[Source data Boundary: Start]

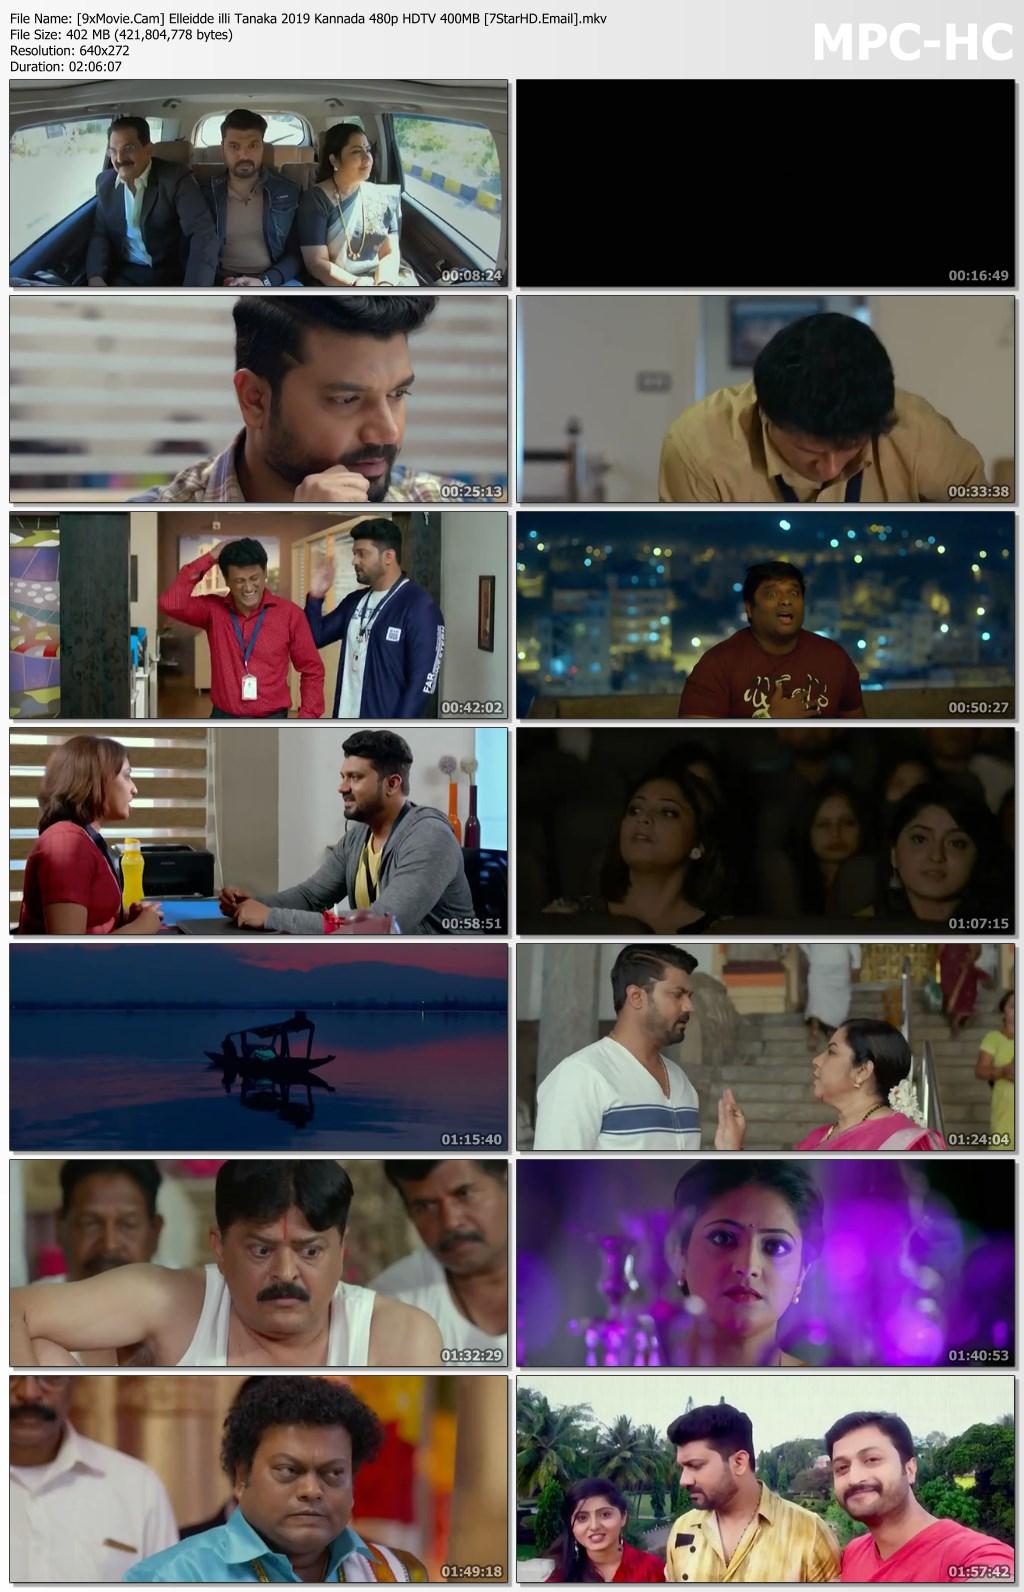 Elleidde illi Tanaka 2019 Kannada 480p HDTV x264 400MB
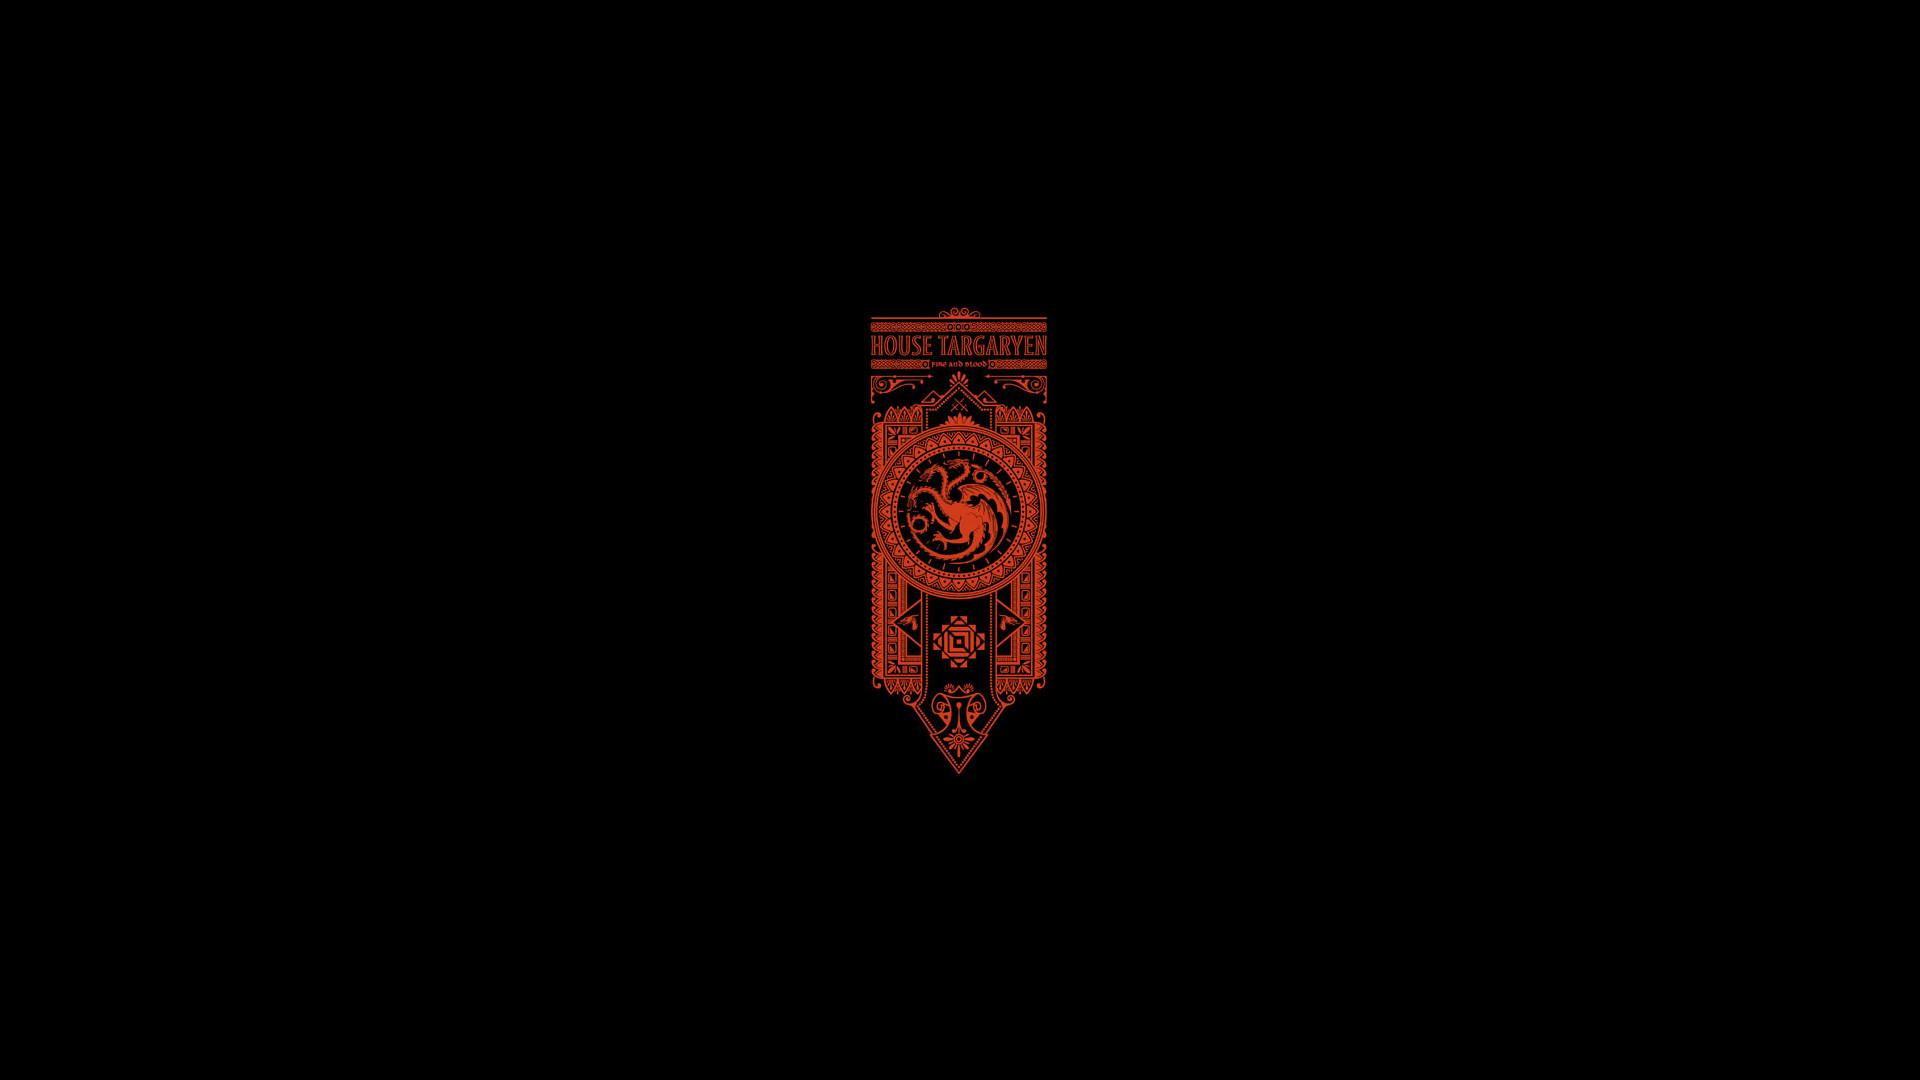 House Targaryen Game of Thrones 4k full hd iphone android wallpaper
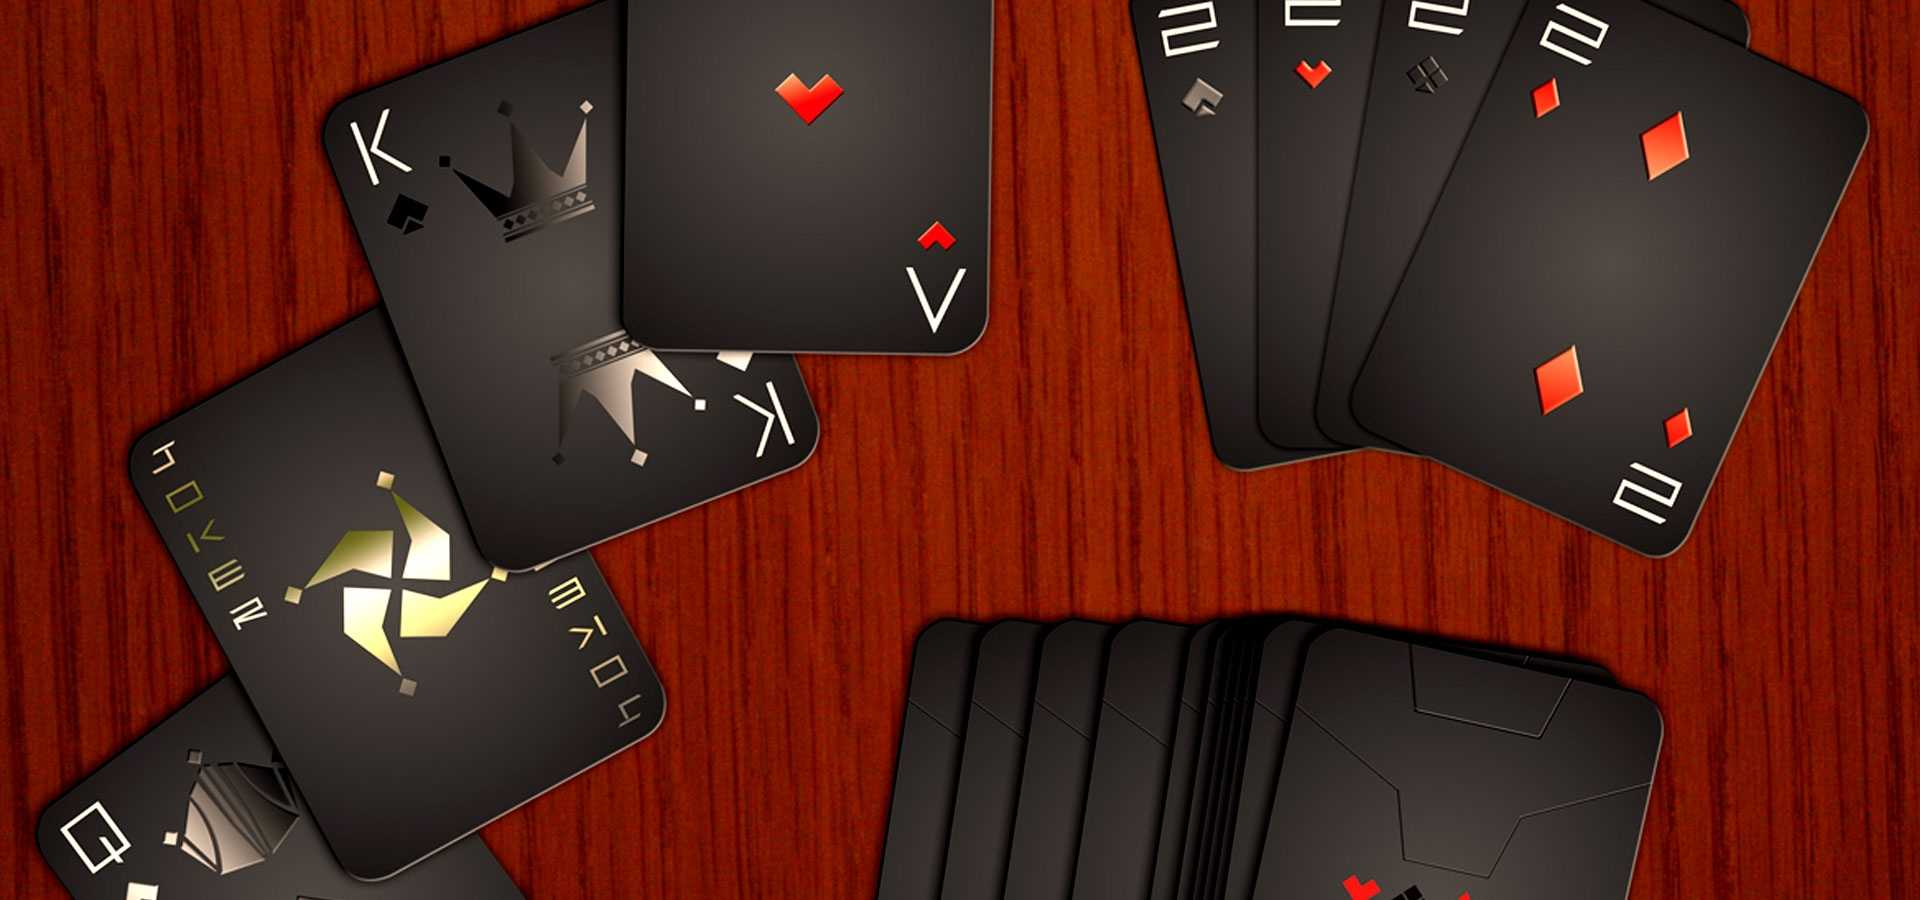 22+ Playing Card Designs | Free & Premium Templates intended for Playing Card Design Template

[Source data Boundary: End]

== The problem ==
Every line above should be transcribed word for word; leave the pictures out.

== Task output ==
 Elleidde illi Tanaka 2019 Kannada 480p HDTV x264 400MB
 House Targaryen Game of Thrones 4k full hd iphone android wallpaper
 22+ Playing Card Designs | Free & Premium Templates intended for Playing Card Design Template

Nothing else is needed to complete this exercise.